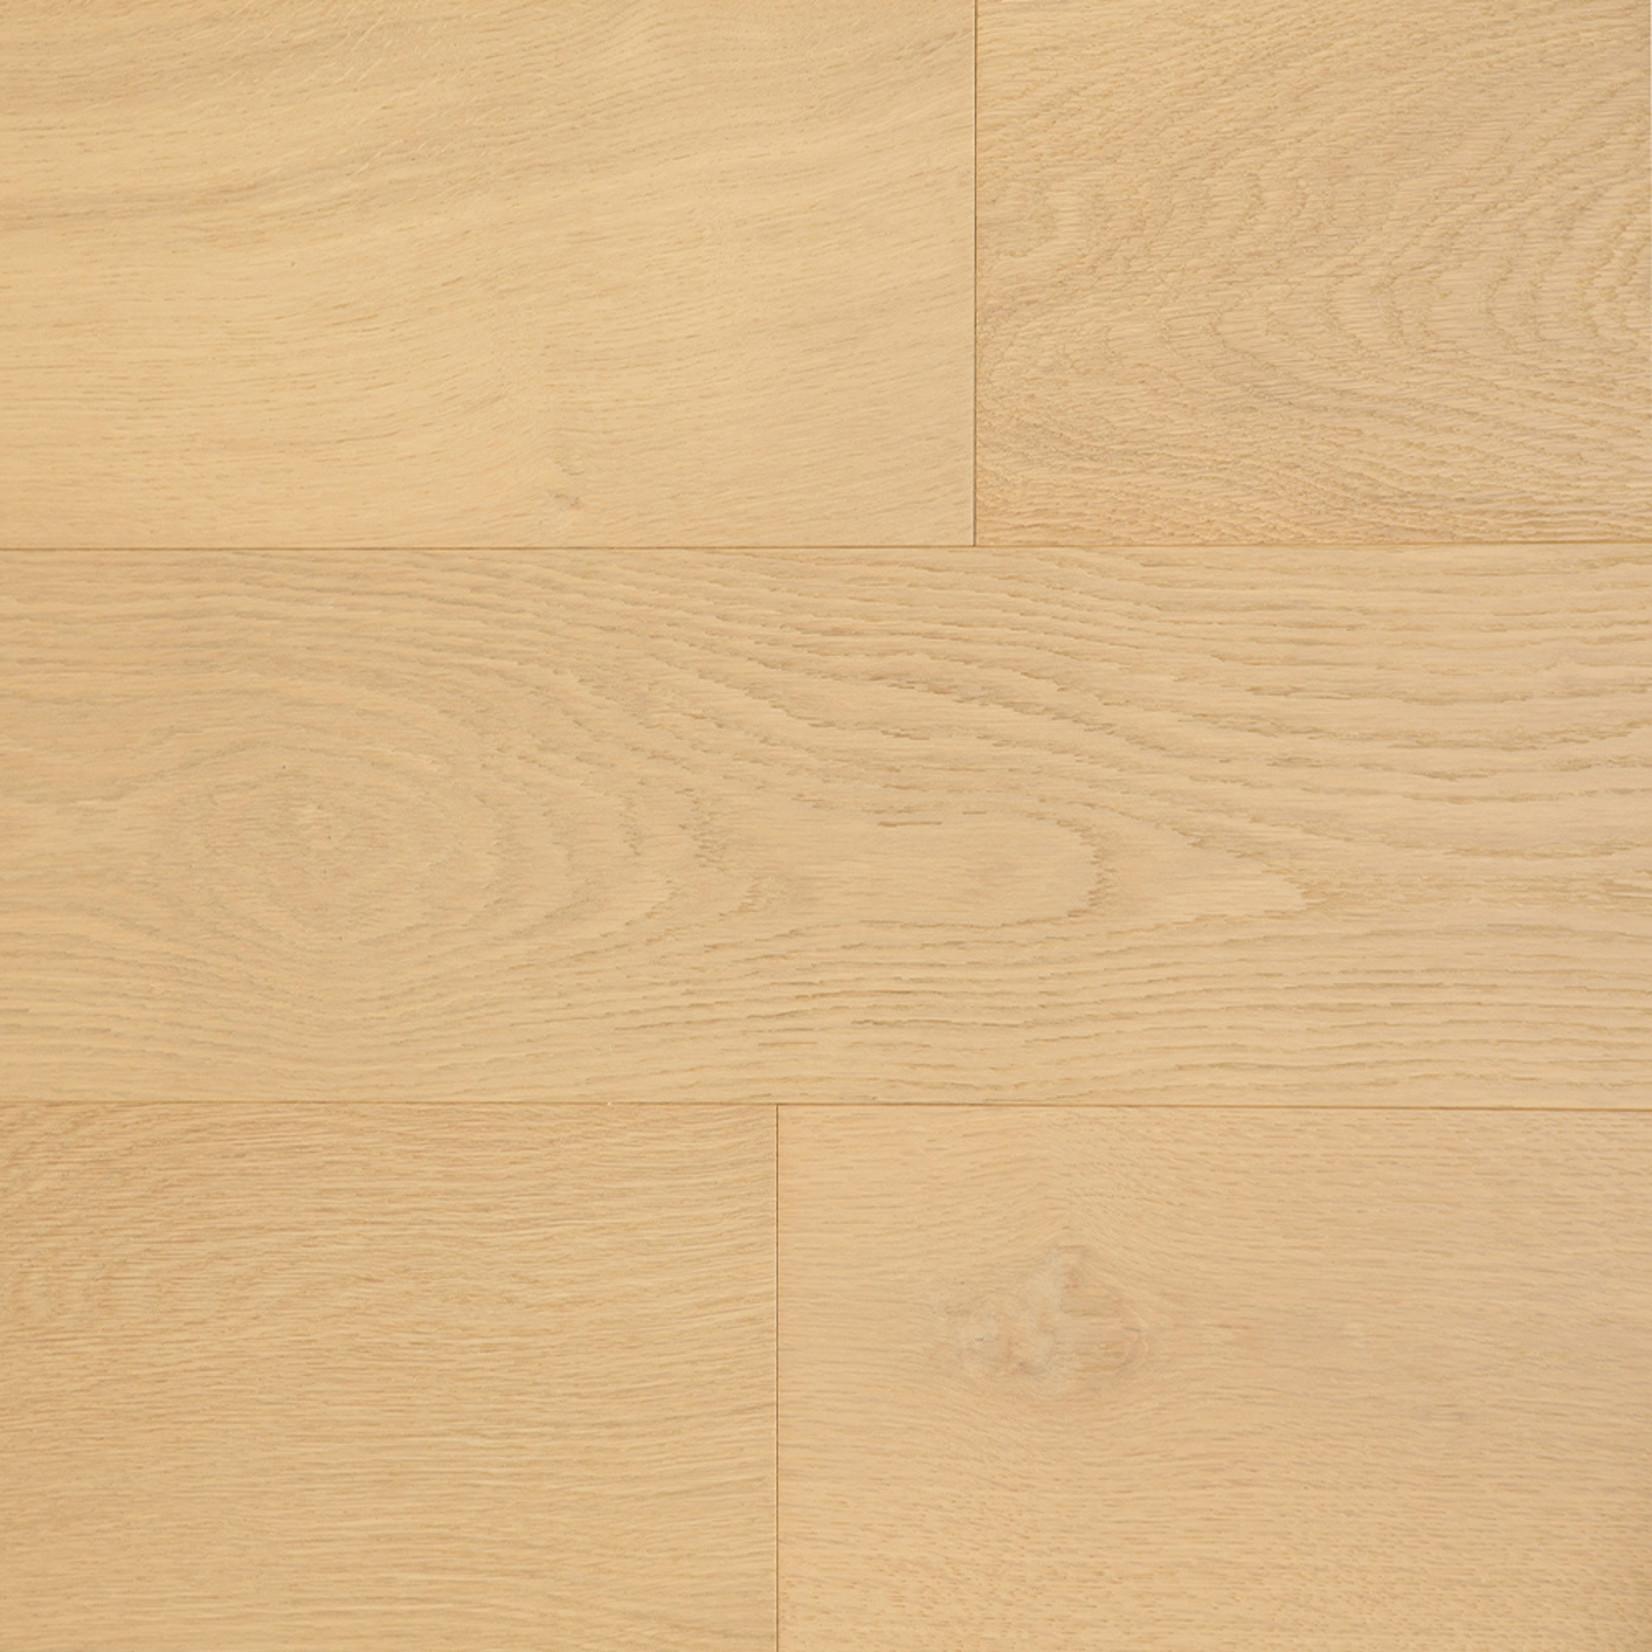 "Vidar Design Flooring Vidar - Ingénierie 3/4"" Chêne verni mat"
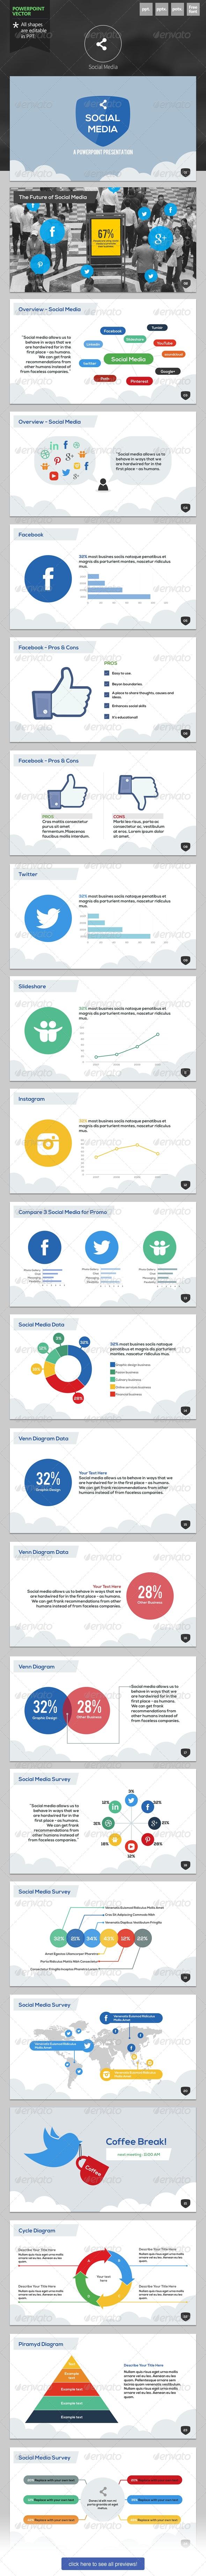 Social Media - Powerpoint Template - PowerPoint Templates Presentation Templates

---

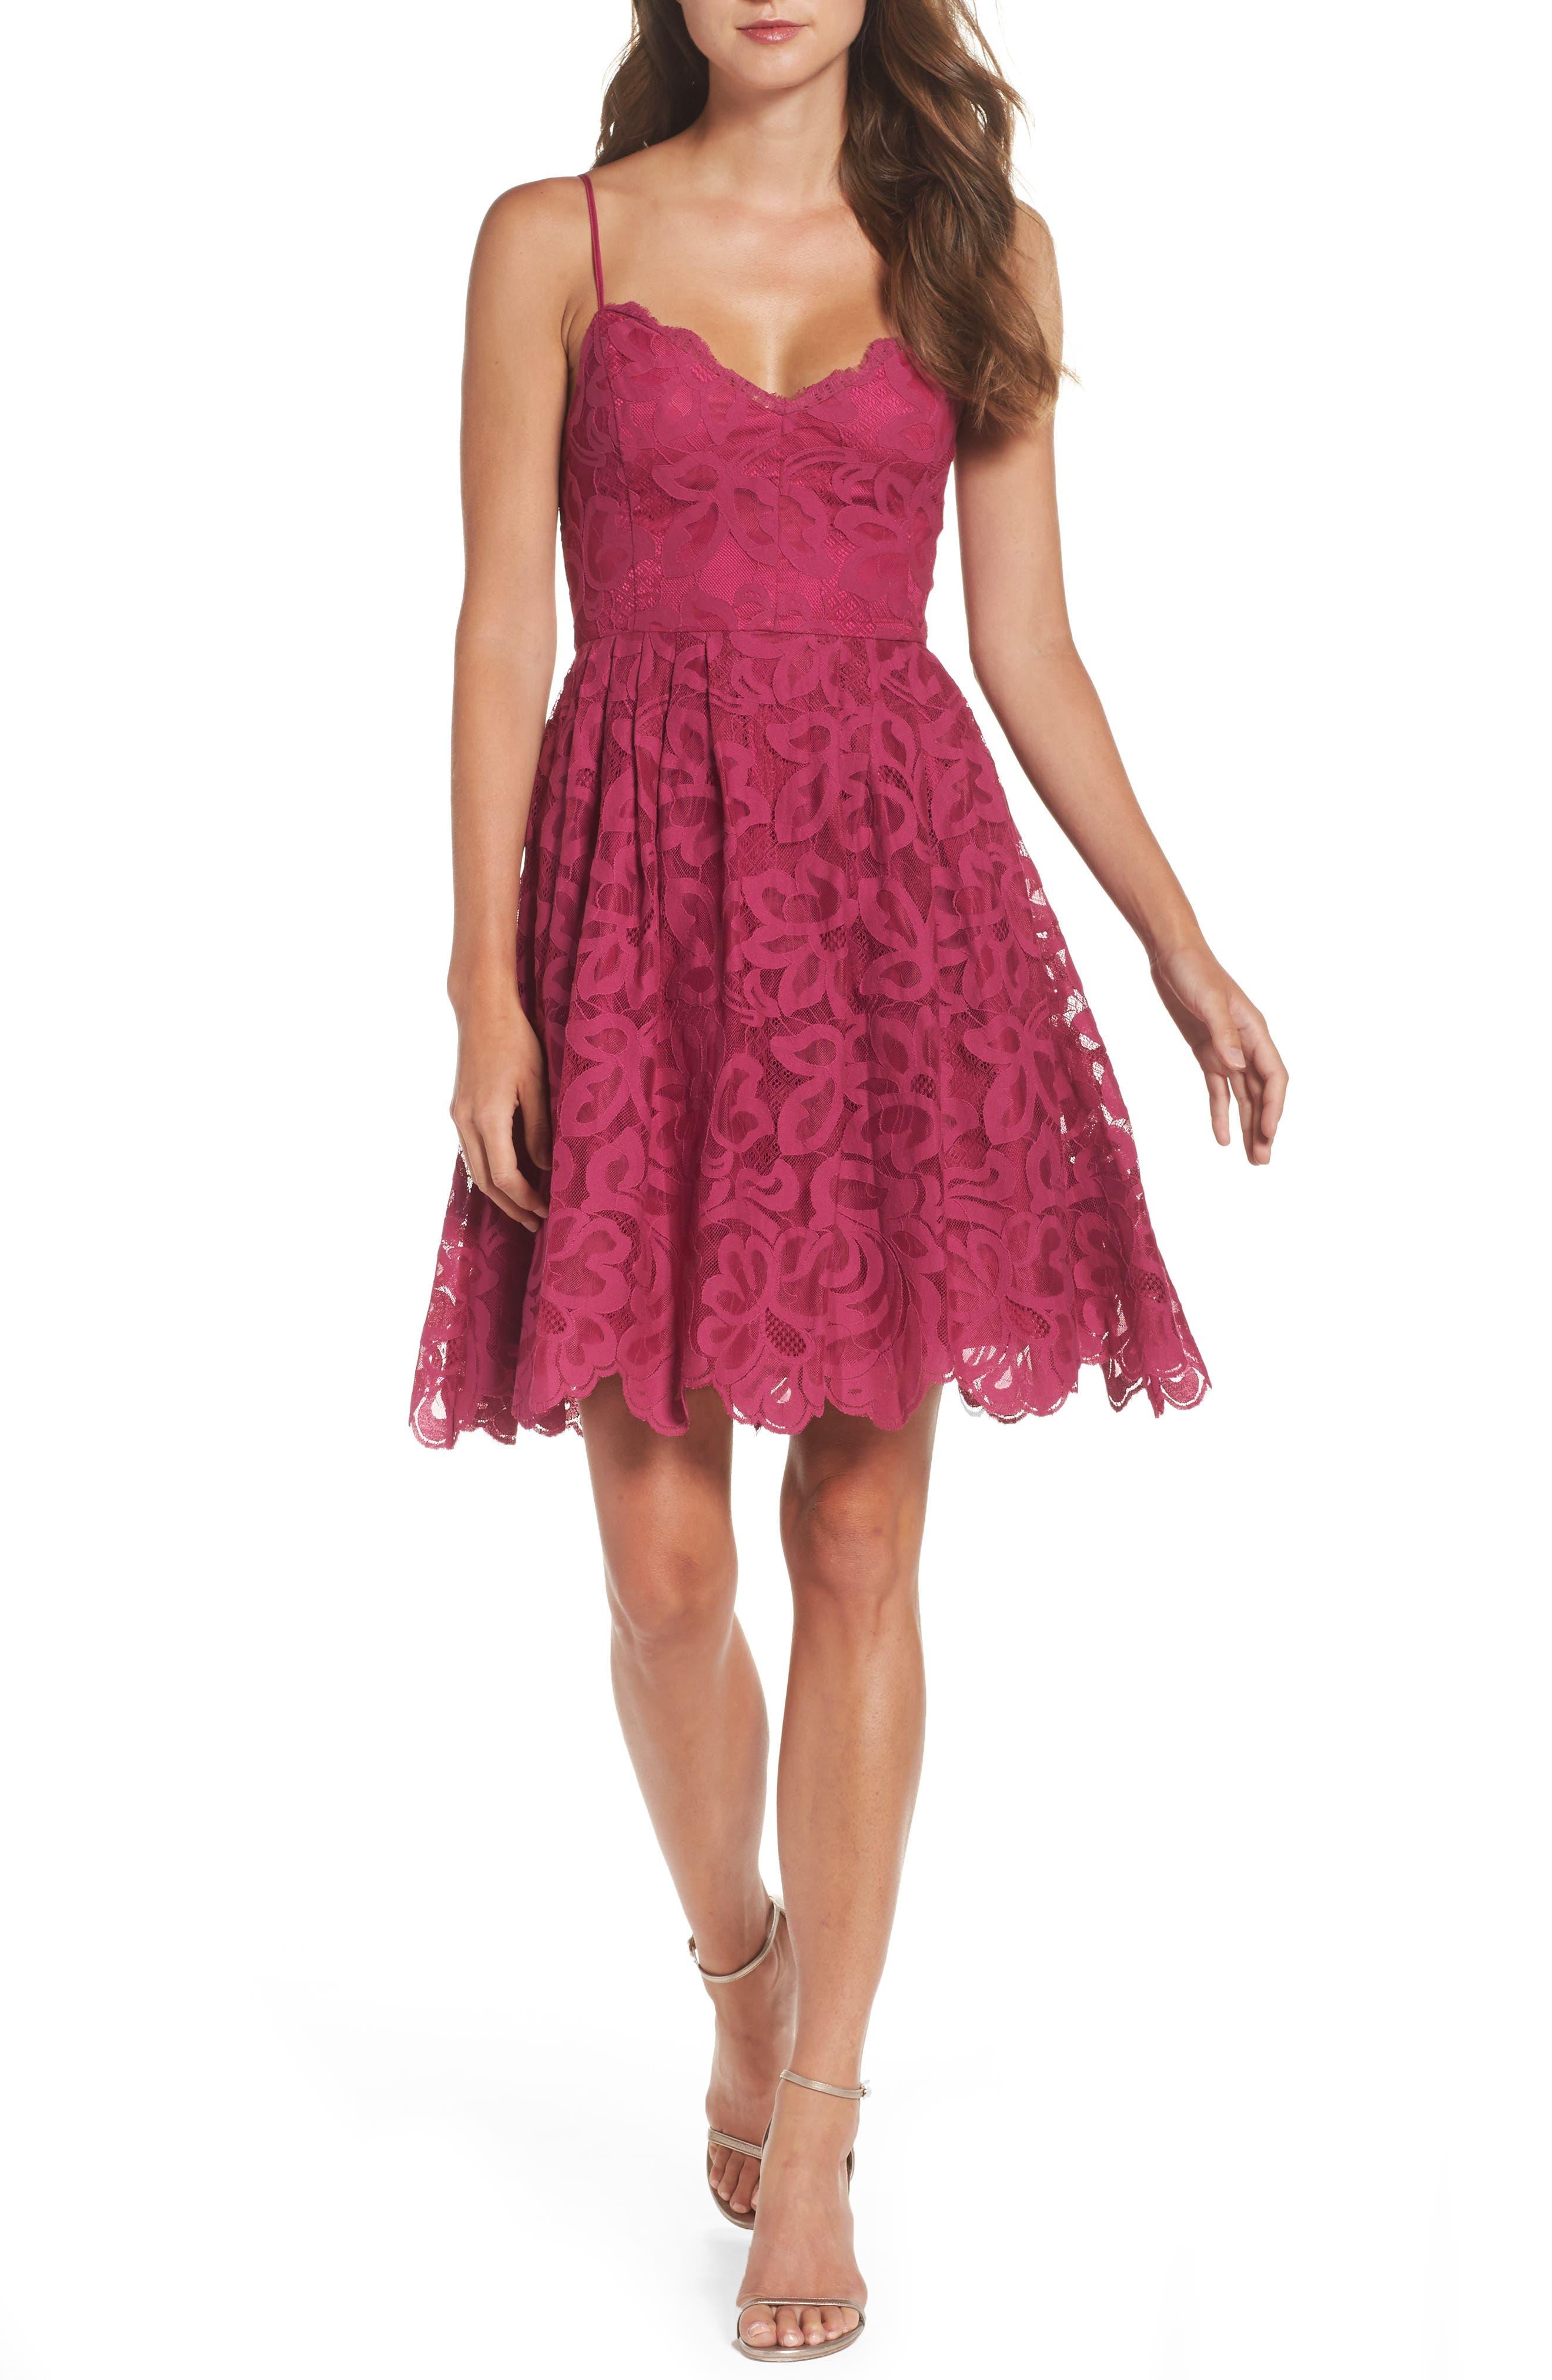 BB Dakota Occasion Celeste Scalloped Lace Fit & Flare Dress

Work to complete
Write out the lines above from the one with "Design Flooring Vidar" through the one with "Social Media - Powerpoint", ends included, exactly; no picture goes in.

Task answer
 "Vidar Design Flooring Vidar - Ingénierie 3/4"" Chêne verni mat"
 Social Media - Powerpoint Template - PowerPoint Templates Presentation Templates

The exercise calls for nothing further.